I skimmed the article and the conclusion seems to be :

We have presented a simple definitive question about the influence of the expansion of the universe on a very particular system: a classical “atom.” ... atoms are in no danger of being disrupted by cosmological expansion.

 

[andrewkirk]

I skimmed the Price and Romano article too and I agree. It would be easy to misinterpret the conclusion, which includes:

we show that this bound system either completely follows the cosmological expansion, or — after initial transients — completely ignores it.

This initially sounded to me like it's saying that in the latter case the state of an atom is exactly the same as it would be with no expansionary forces. But I think it's not, because of the qualification about initial transients.

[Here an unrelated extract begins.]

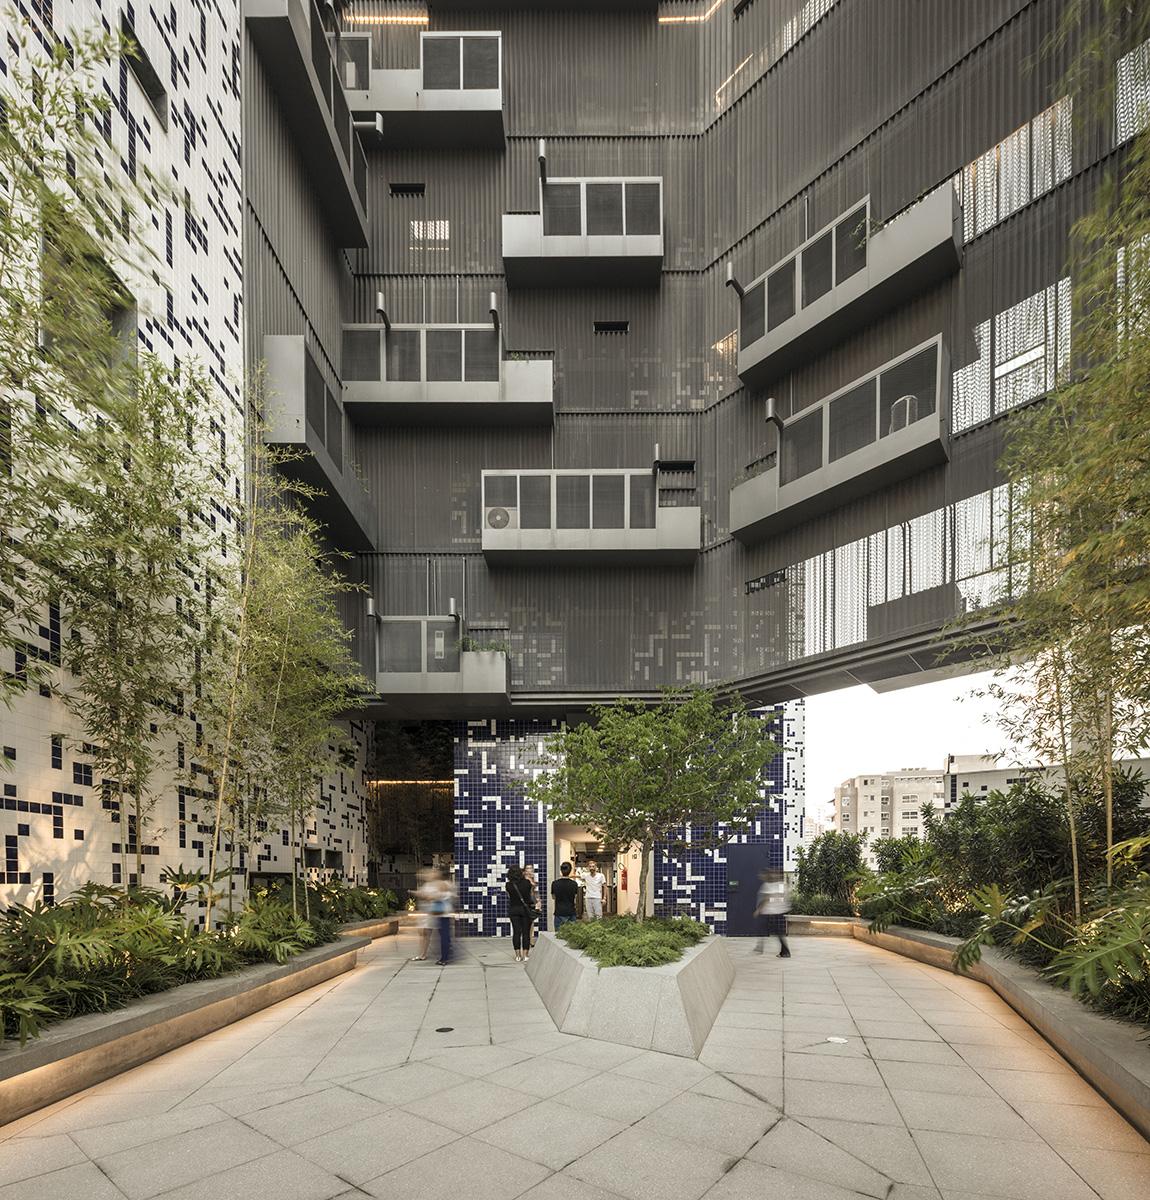 04-arapiraca-triptyque-architecture-foto-fernando-guerra

The argument seems to be about potential wells and whether the expansionary 'force' will cause the electron to break out of the electrostatic potential well around the atom and escape completely. They show that in some (probably almost all) cases this doesn't happen. But that doesn't mean the electron doesn't follow an ever so slightly different 'orbit' within the potential well than it would if there were no expansionary 'force'. That slight difference would be covered by what they call 'initial transients', although I think the words are poorly chosen because they could be interpreted as suggesting the tiny effect disappears after a while and the body of their paper doesn't seem to indicate that it does.

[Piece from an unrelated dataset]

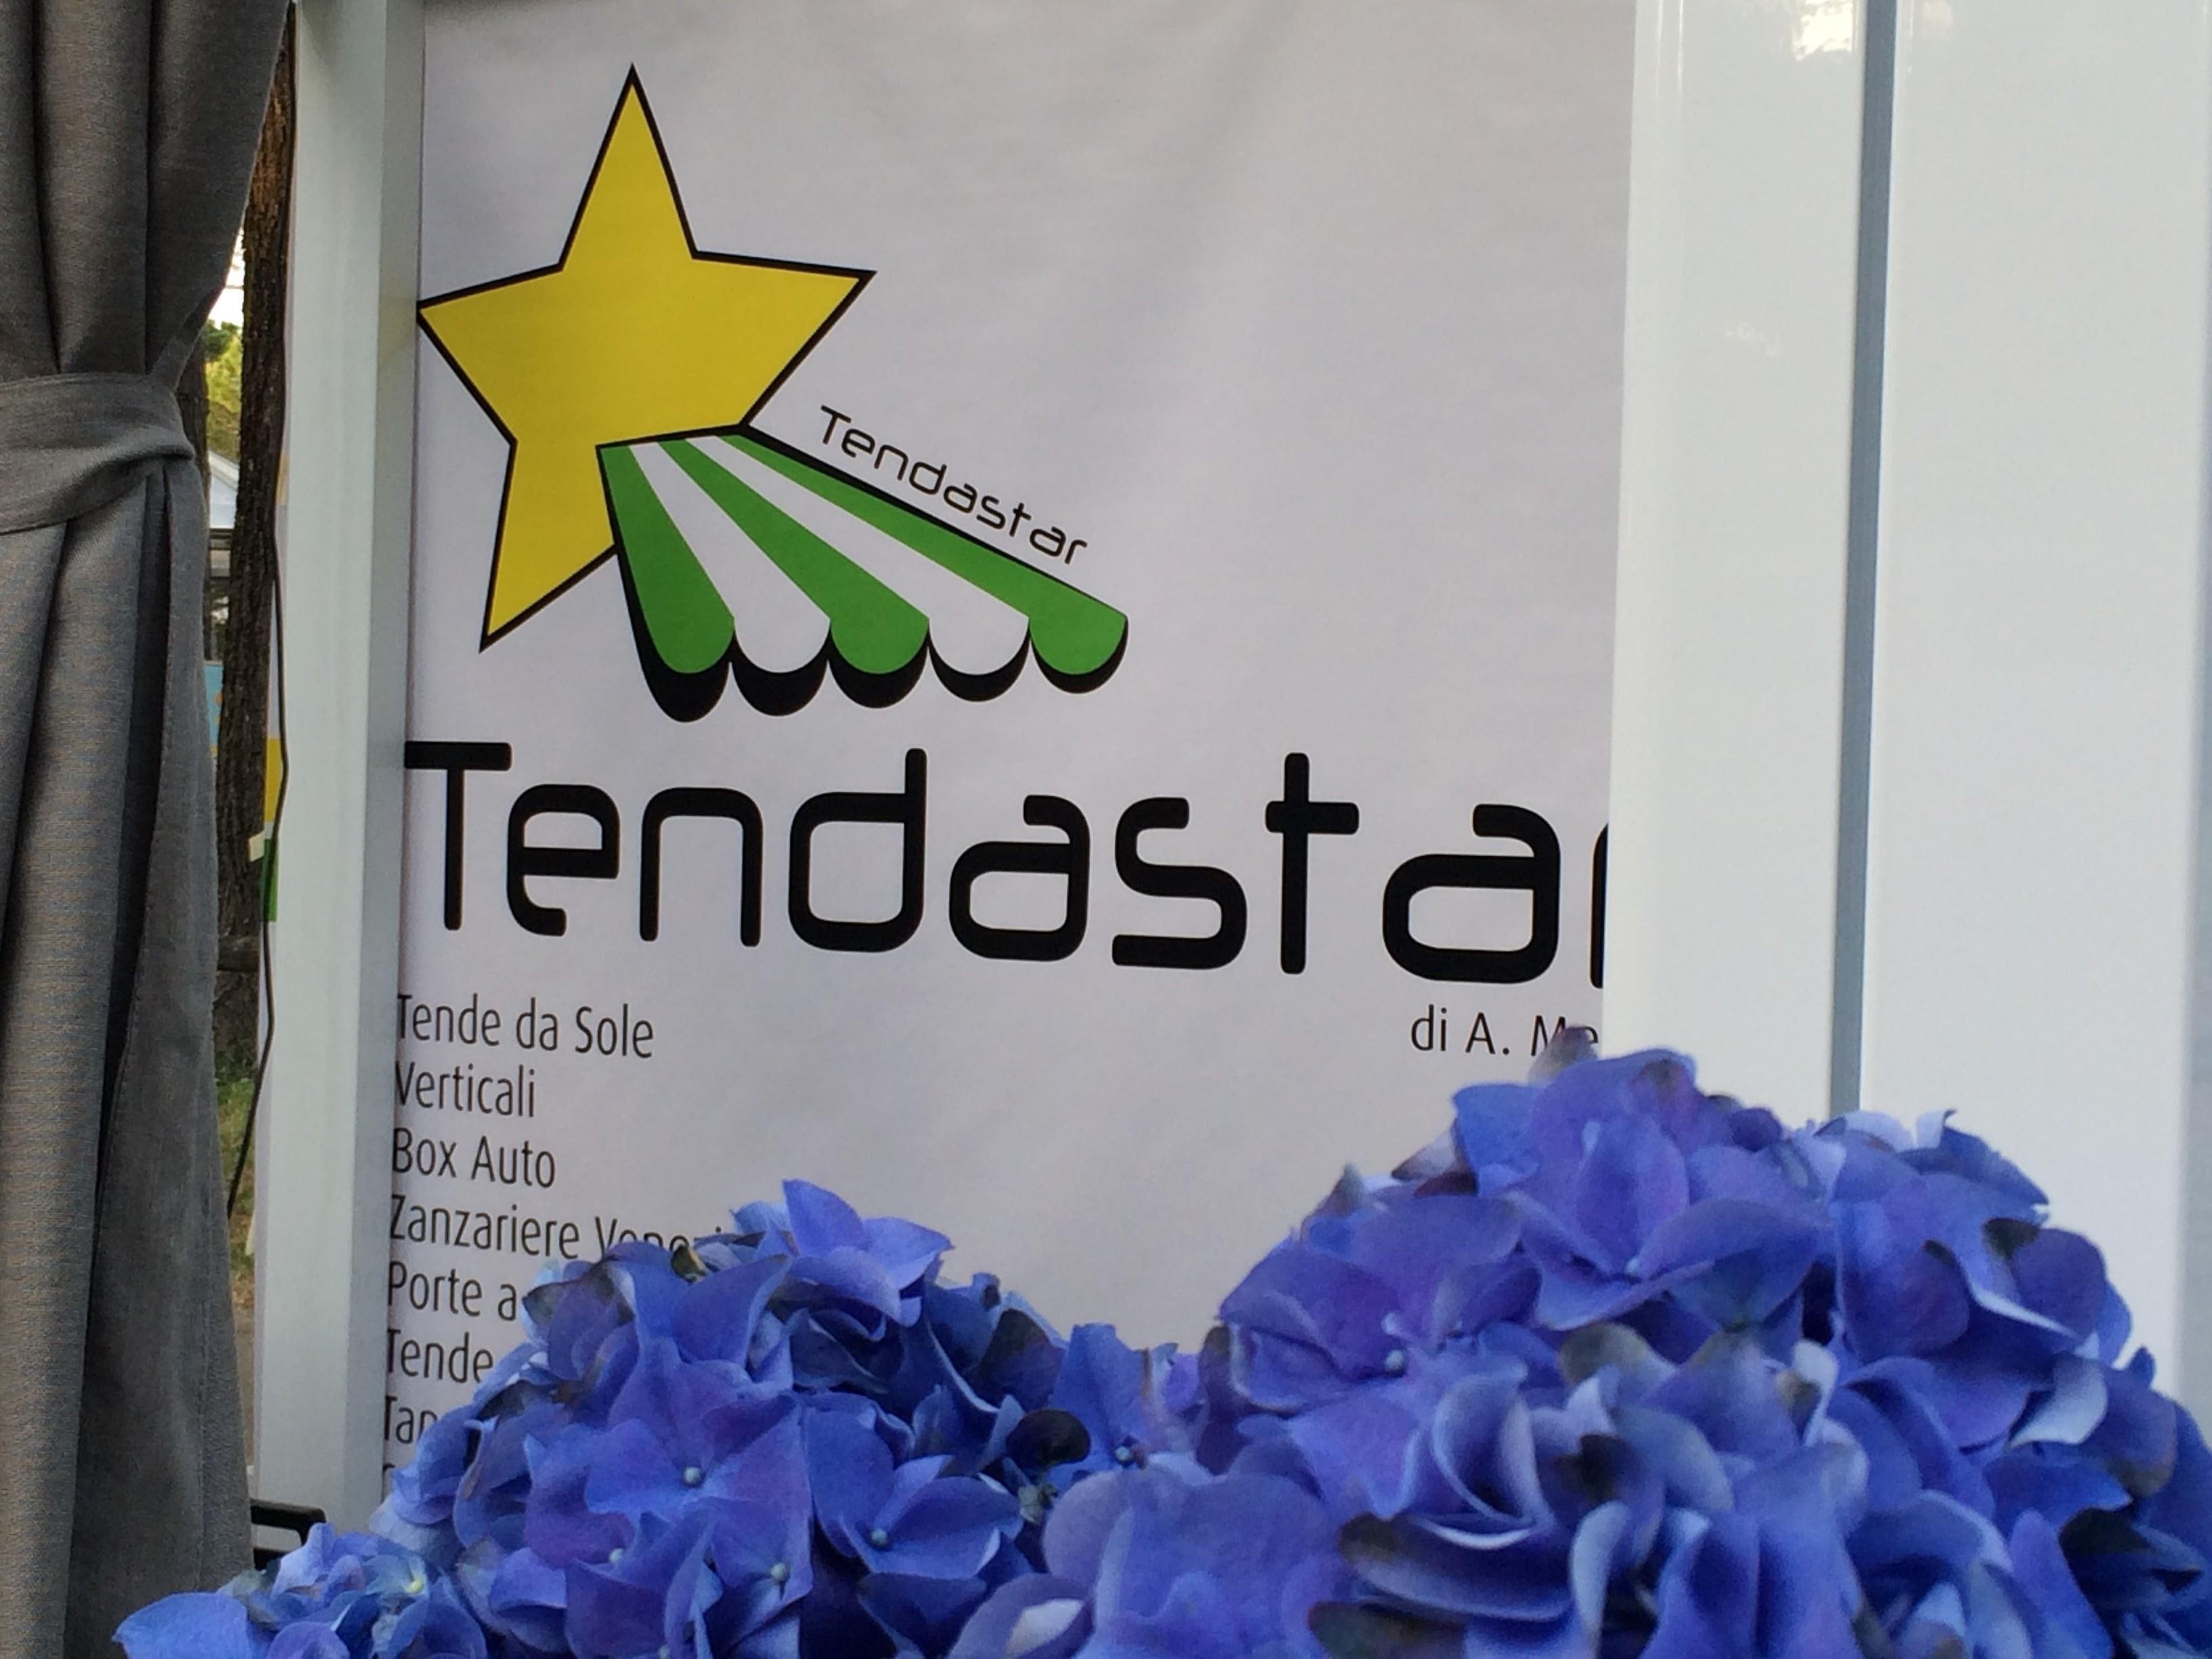 Tende Per Interni Udine i migliori 29 installatori di tende per interni a udine

It seems very odd to be discussing orbits of electrons as though the Rutherford model of the atom were still considered valid, but perhaps it's close enough for the purposes of this issue.

 

[marcus]

The "initial transients" also occur in my example of the 1 Mpc cable.There would be an initial tug on the cable until observer B is up to speed (70.4 km/s)Assuming you hold observer A at CMB rest.
But I imagined equipping B with rockets to boost him to that speed before joining him to the cable, that boost is the "initial transient."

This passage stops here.